Zhichen Zeng

zhichen_1.jpg

409, Paul Allen Center

185 E Stevens Way NE, Seattle, WA

I am Zhichen Zeng 「曾郅琛」, a second-year PhD student at the University of Washington, advised by Prof. Ang Li and Prof. Banghua Zhu. My research focuses on developing efficient system support for LLMs.

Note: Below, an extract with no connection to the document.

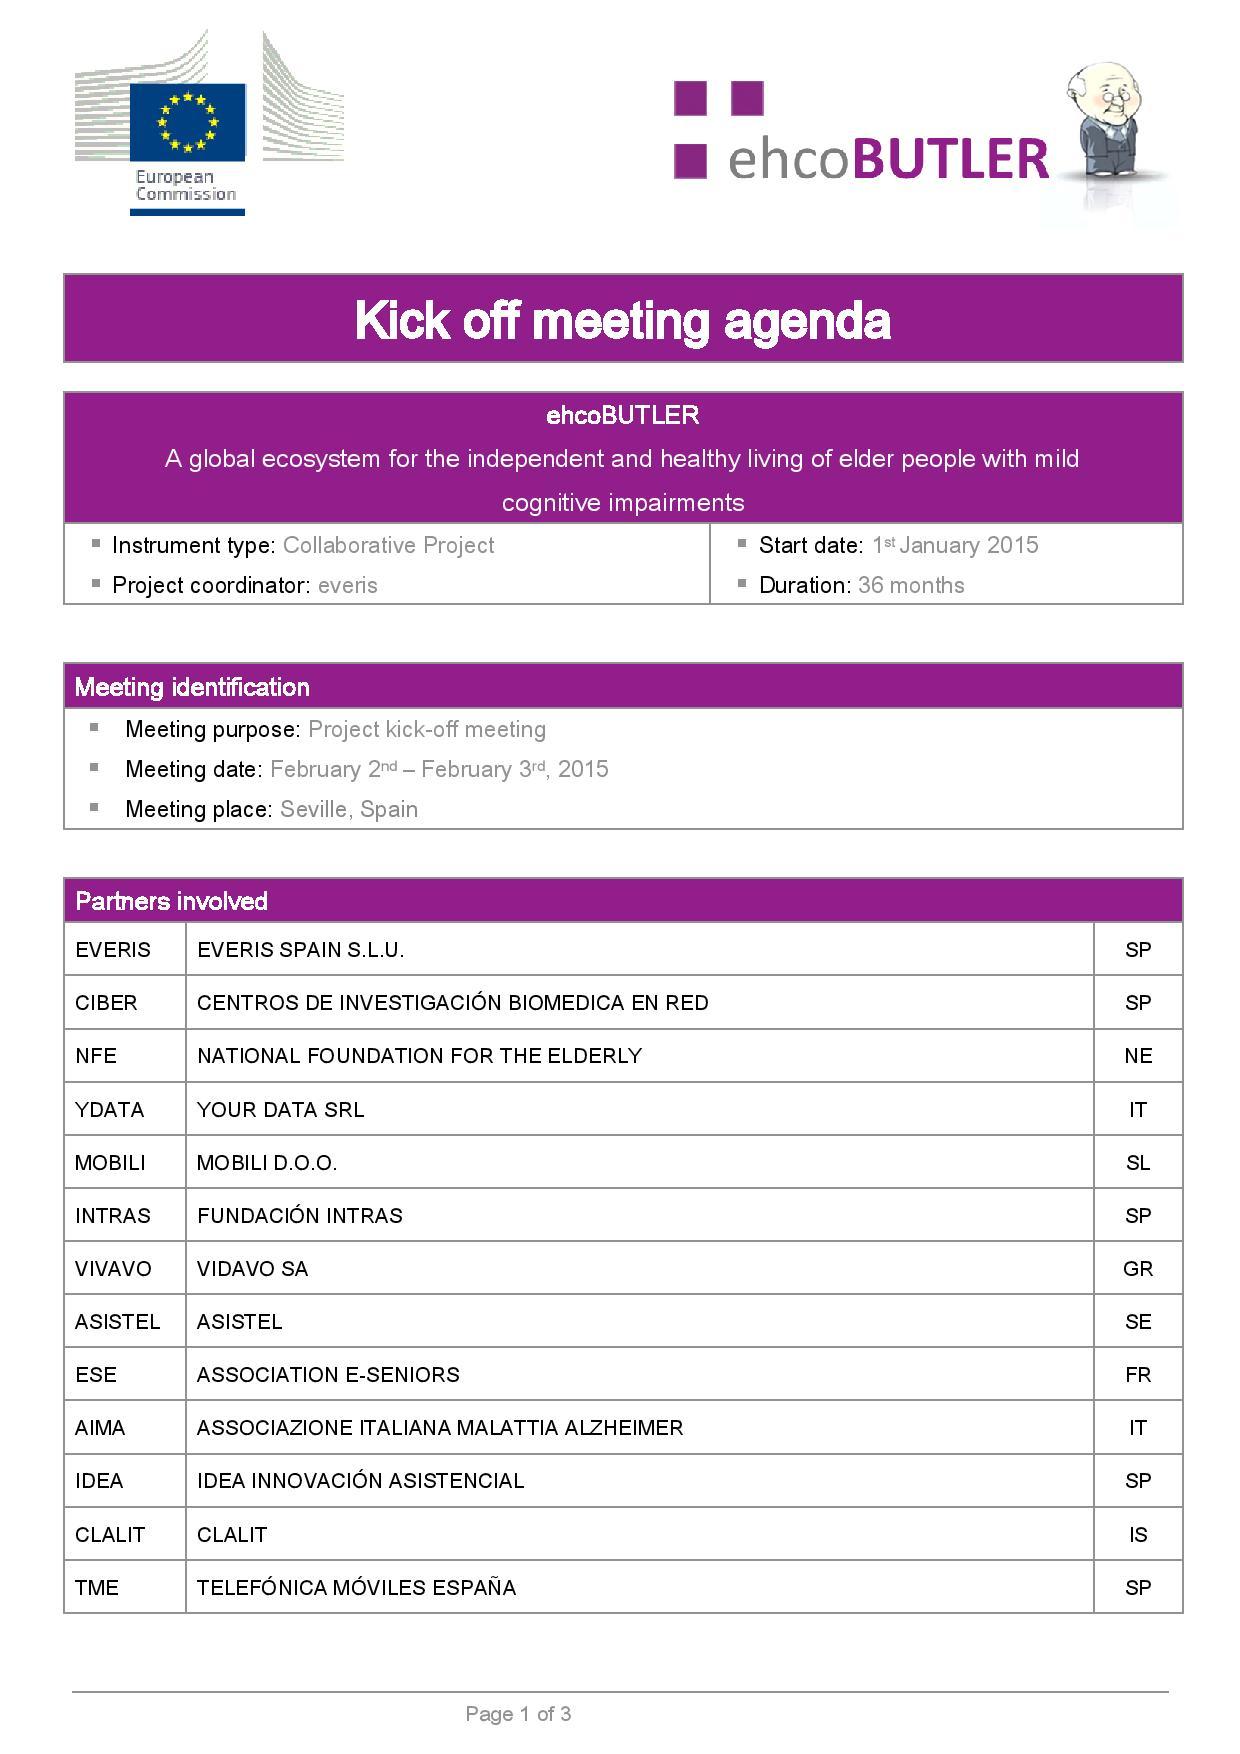 ehcoButler_kick off meeting_02-03 Feb_v2-page-001
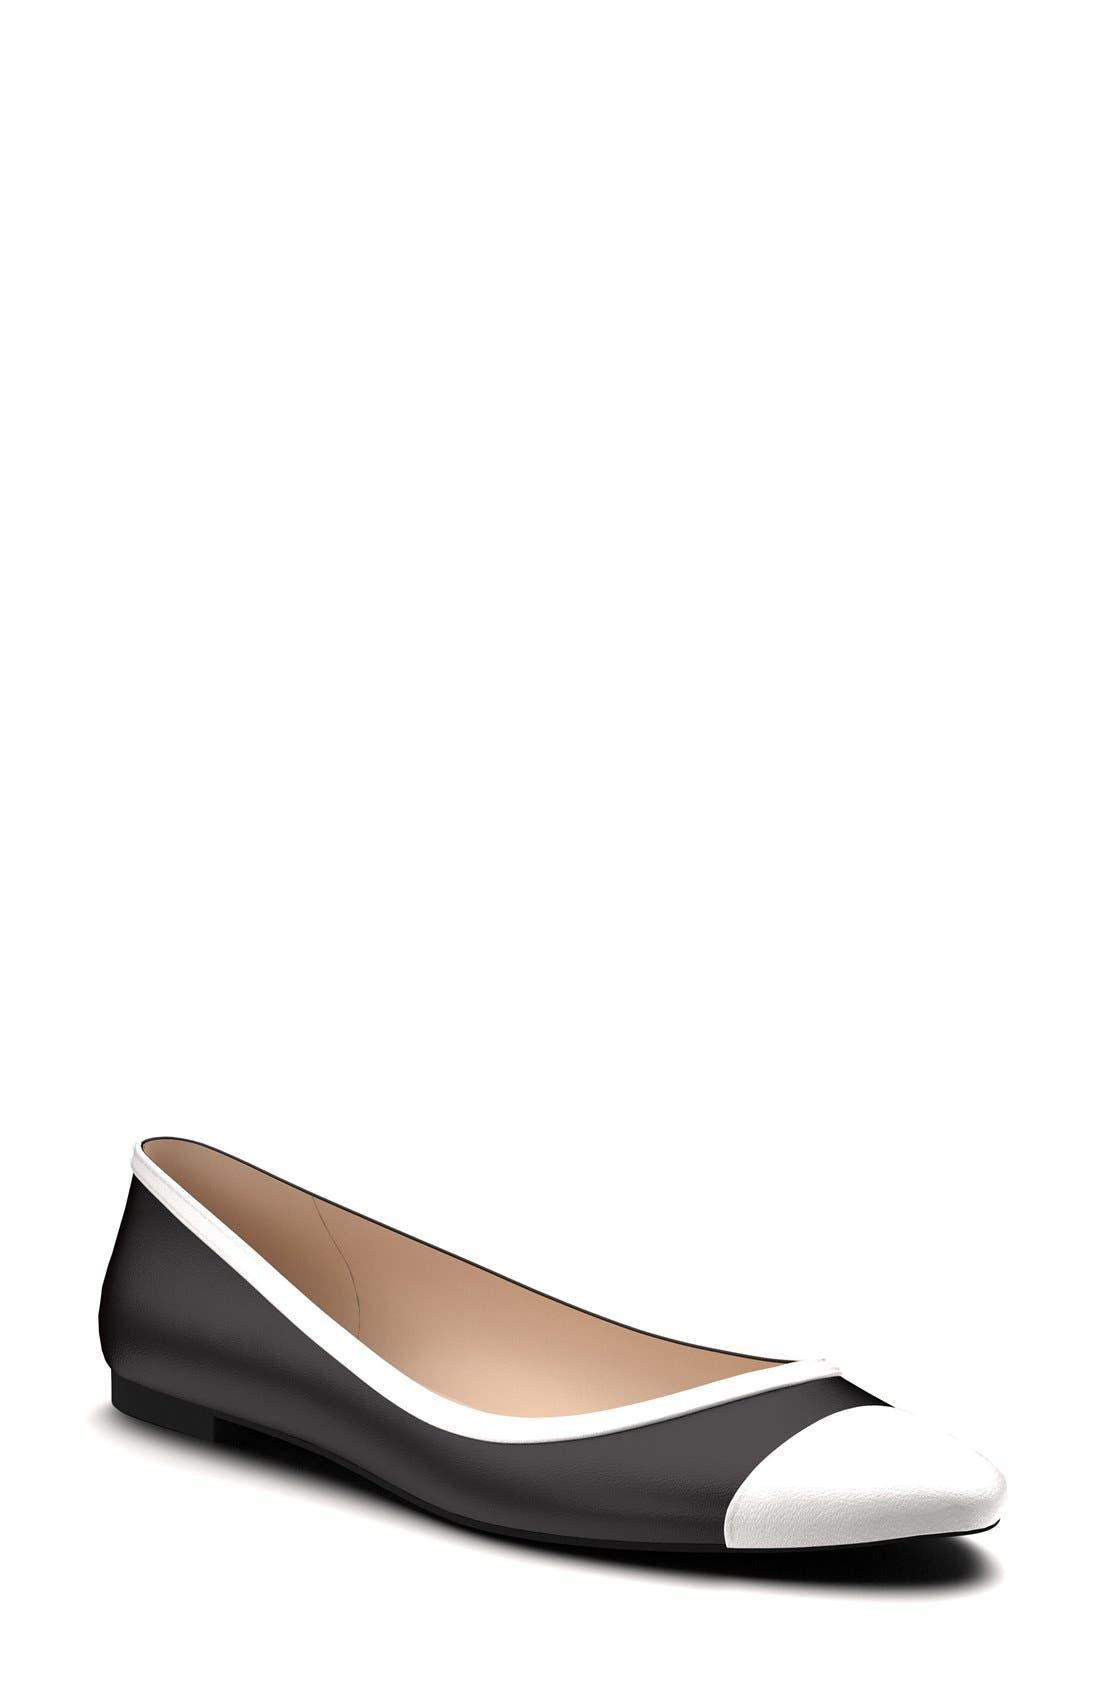 Shoes of Prey Cap Toe Flat (Women)

Before joining UW, I got the Bachelor of Science in Physics from University of Science and Technology of China (USTC), where I was honored to receive the Guo Moruo Scholarship—the highest honor for USTC undergrads.

Previously, I had a enjoyable internship at Microsoft Research Asia, where I worked with Dr. Shijie Cao on efficient systems for long-context LLMs. I worked with Prof. Zhiru Zhang at Cornell on domain-specific compilers for accelerator design.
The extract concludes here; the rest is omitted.